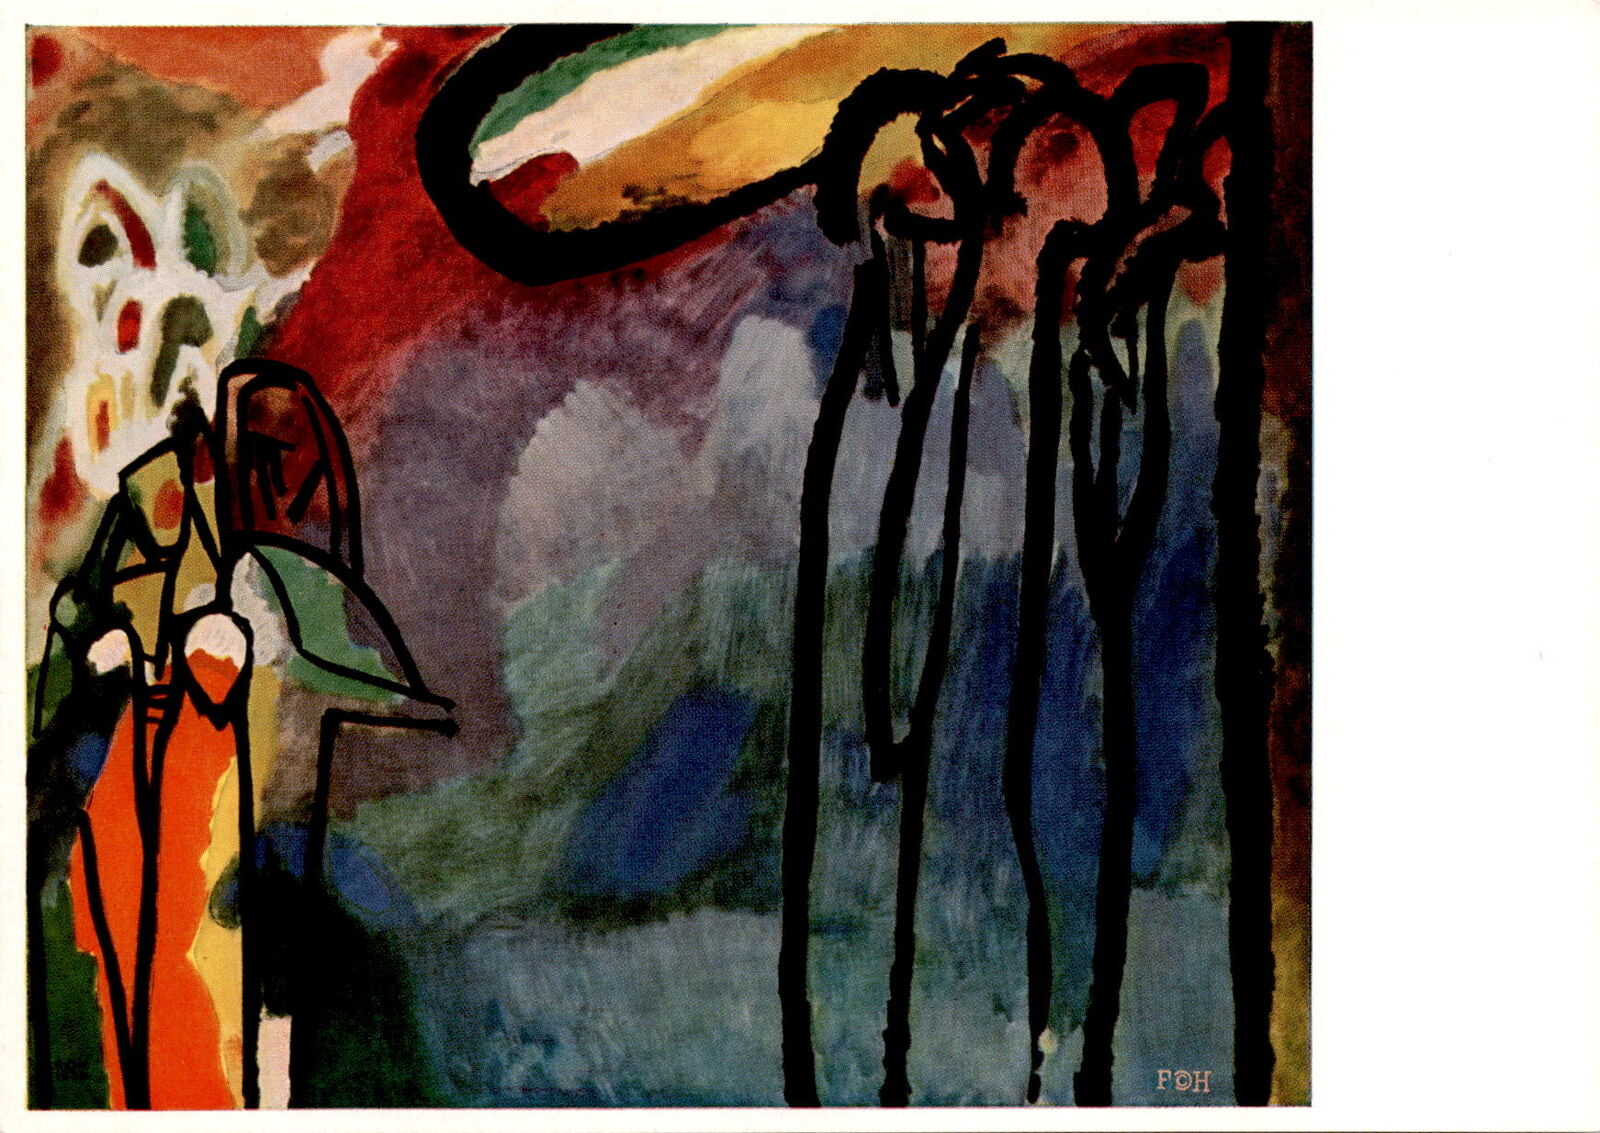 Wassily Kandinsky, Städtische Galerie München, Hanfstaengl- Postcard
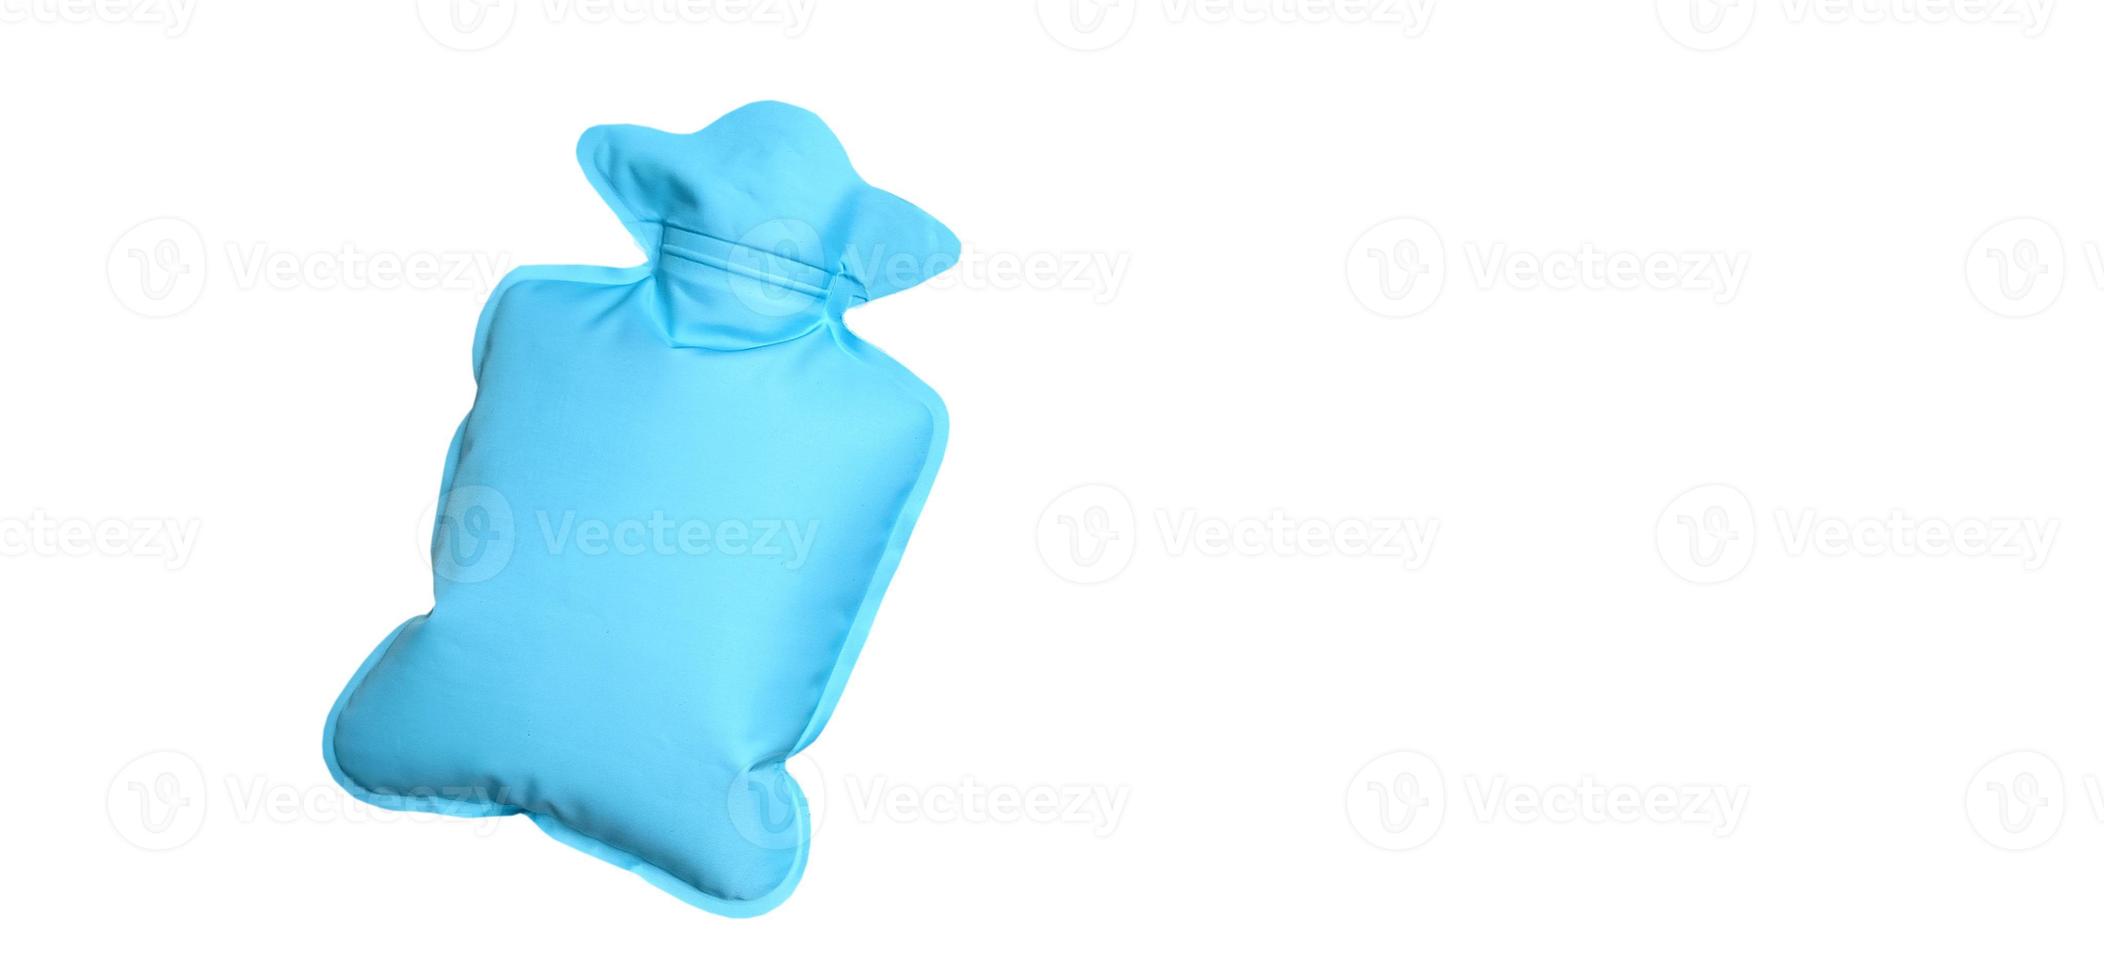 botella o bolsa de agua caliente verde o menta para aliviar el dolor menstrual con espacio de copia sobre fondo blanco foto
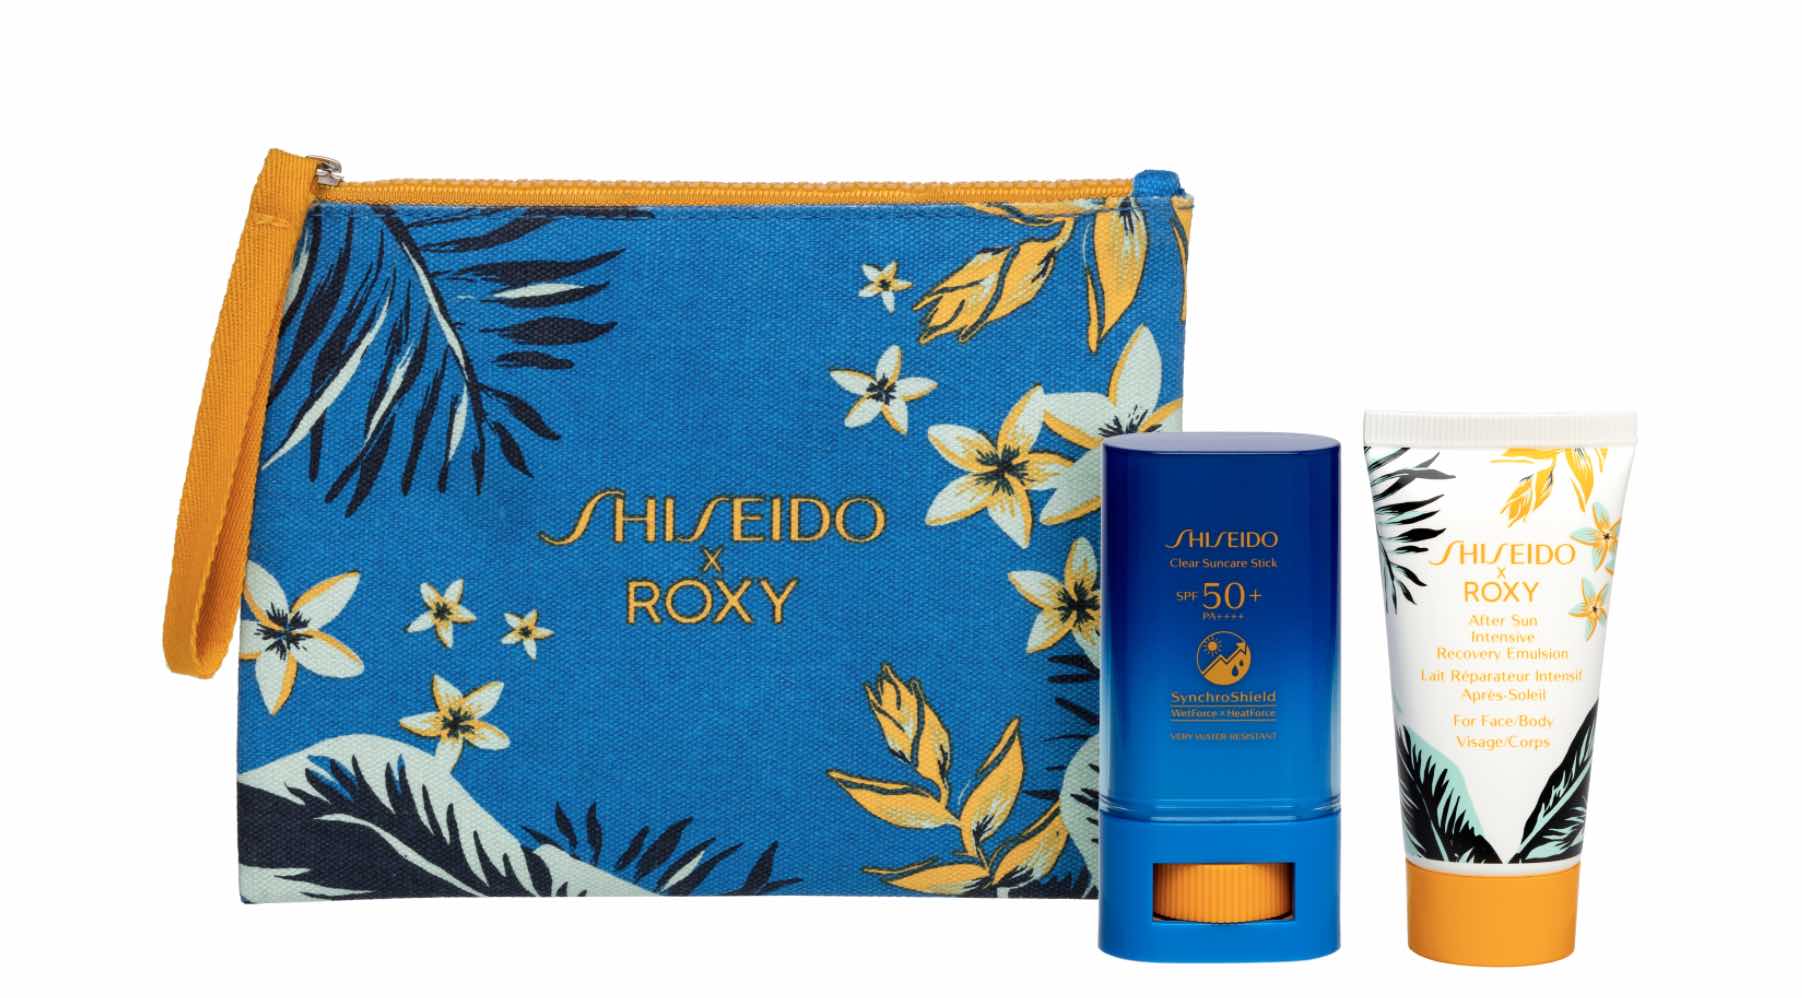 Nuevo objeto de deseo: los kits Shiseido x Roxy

^^^^^^^^

__Assignment__
The answer should contain only the lines from the one with "botella o bolsa" through the last line of the material, given word for word and without pictures.

__Response area__
 botella o bolsa de agua caliente verde o menta para aliviar el dolor menstrual con espacio de copia sobre fondo blanco foto
 Nuevo objeto de deseo: los kits Shiseido x Roxy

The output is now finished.